Not Apollo

 

Martin Winkler lists “some non-classical Apollos” in Cinema and Classical Texts: Apollo’s new light (Cambridge University Press: Cambridge 2009), 90 fn. 36:

            Battlestar Gallactica (1978) and related productions: Captain Apollo

            Battlestar Gallactica: the second coming (1999): promoted to Commander Apollo

            Jetsons: the movie (1990): Apollo Blue, a character (not eleaborated by Winkler)

            B.A. Rolfe, creator, Miss 139 (1921 film): Professor Apollo Cawber

            D.W. Griffith, director, The White Rose (1923): a character is nicknamed Apollo

            Sydney Morgan, Shadow of Egypt (1924): a character named Apollo

            Henry Hathaway, director, Johnny Apollo (1940 film noir): protagonist’s alias

                     Daniel Mann, director, A Dream of Kings (1969 film): a character named Apollo
Mann’s A Dream of Kings is based on “a work by Harry Mark Petrakis and set among Chicago’s Greek population.”

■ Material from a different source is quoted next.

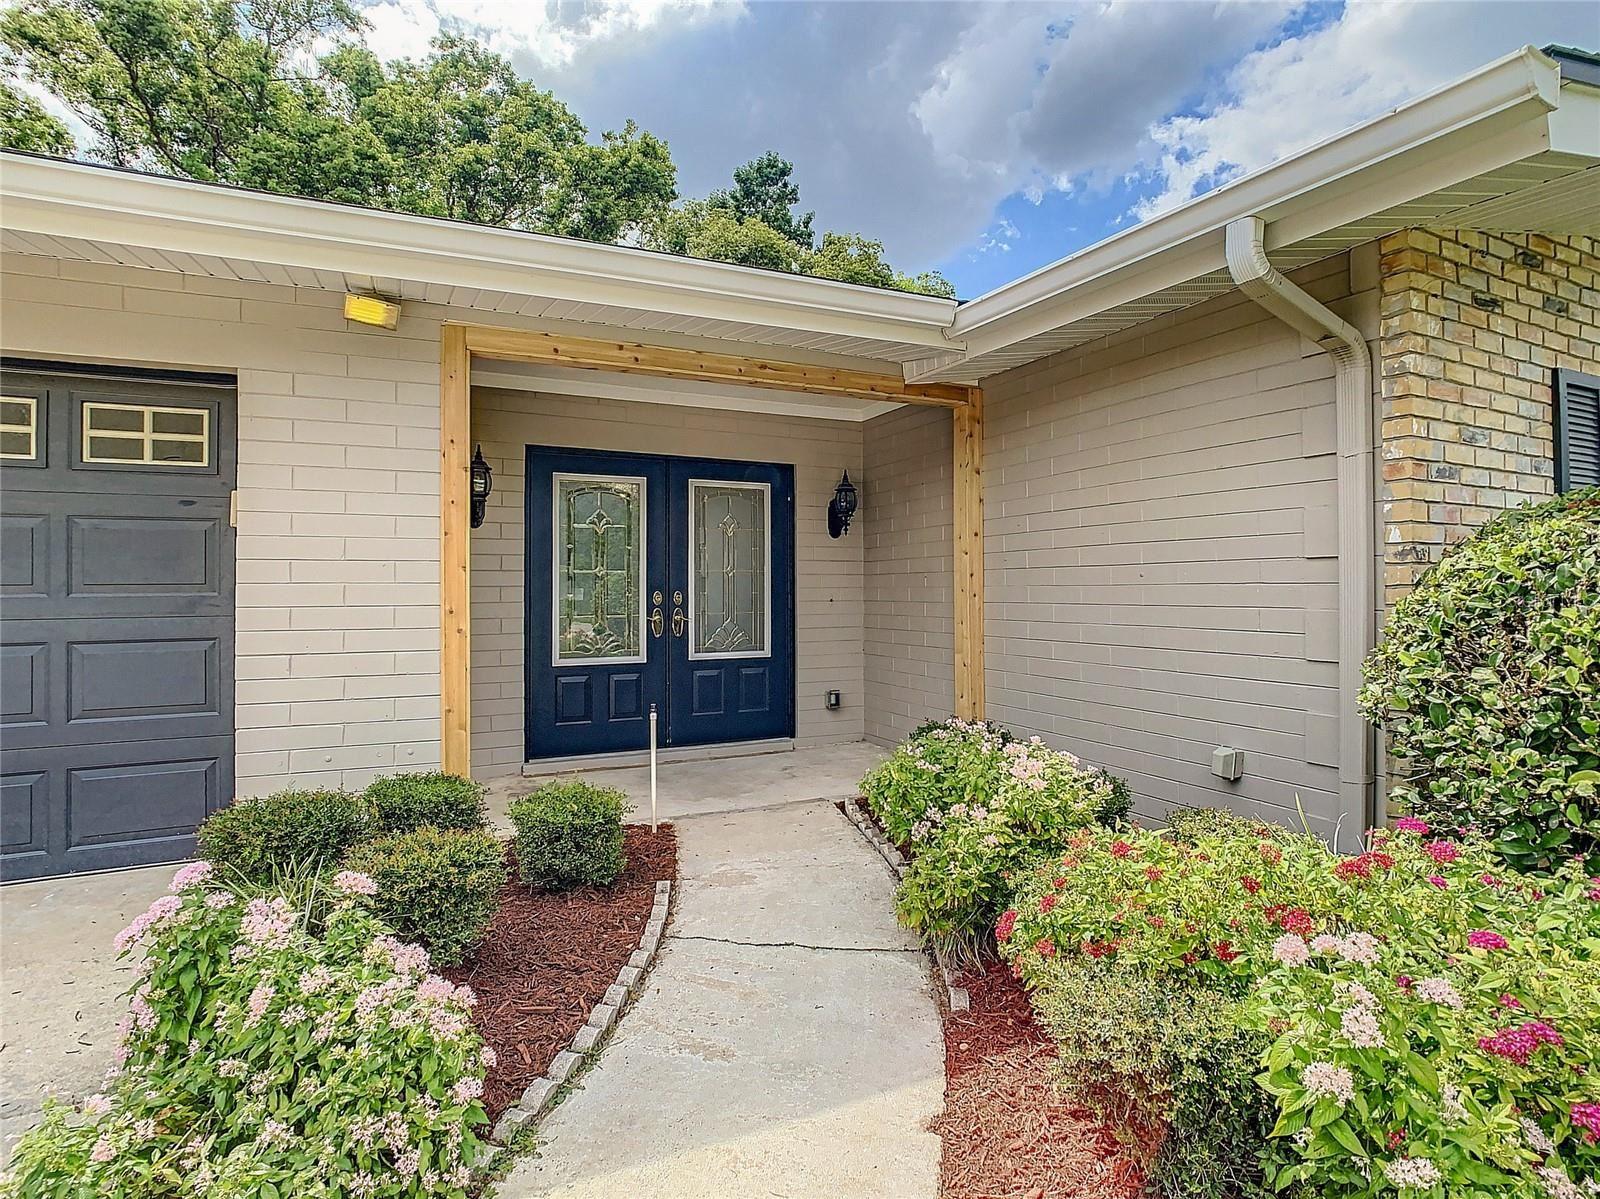 406 SILVER OAK LANE, Altamonte Springs, FL 32701 - #: O5962454

J.G. Avildsen, director, Rocky (1976) [and then S. Stalone, dir.] 4 of 5 films feature Apollo Creed

Hercules: the legendary journey ... mentioned but not explicated by Winkler

Mamoru Hamasu and Yoshikazu Yasuhiko, directors, Arion (Japanese anime 1986): Apollo is a ‘bad guy’ who wants to rule over the Titans

Gregory J. Markopoulos, director, The Illiac Passion (1967): Apollo has a role in the narrative that is ‘loosely based’ on Aeschylus’ Promtheus Bound, though Aeschylus did not conceive the role of Apollo

E.B. Hesser, director, The Triumph of Venus (silent film 1918): a “curio” with an Apollo

A. Patrick, director, The Affairs of Aphrodite (1970): another ‘curio’ with an Apollo

Magnum, P.I. (80’s television series): featured two Dobermans named Apollo and Zeus

 

Winkler’s list raises some question in my mind:

1)    Winkler assembles this listing (above) under the presumption that these usages are based less on Greek mythology than they are on “constellations and ... space travel.” He specifically links them to “science fiction.” Is that really the case? Is it true for all of them? Indeed, 1/3 of the list is comprised of pre-Sputnik usages.

2)    Winkler’s text, to which this note is a comment, pertains to “general historical and cultural amnesia” that is manifest in the Star Trek episode “Who Mourns for Adonais?”, an episode where such amnesia pertains. Should the instances above really be so blithely dismissed as “non-classical”?

3)    Would it not perhaps reward some digging, especially into the less obvious usages, to ask how the name was arrived at?

 

 

Apollonia:

            “...The first wife of Michael Corleone in Francis Ford Coppola’s The Godfather (1972) and Apollonius of Tyana in George Pal’s 7 Faces of Dr. Lao (1964), originally a first-century AD Greek philosopher and the subject of a fictionalized biography from the early third century.” (Winkler, op cit.)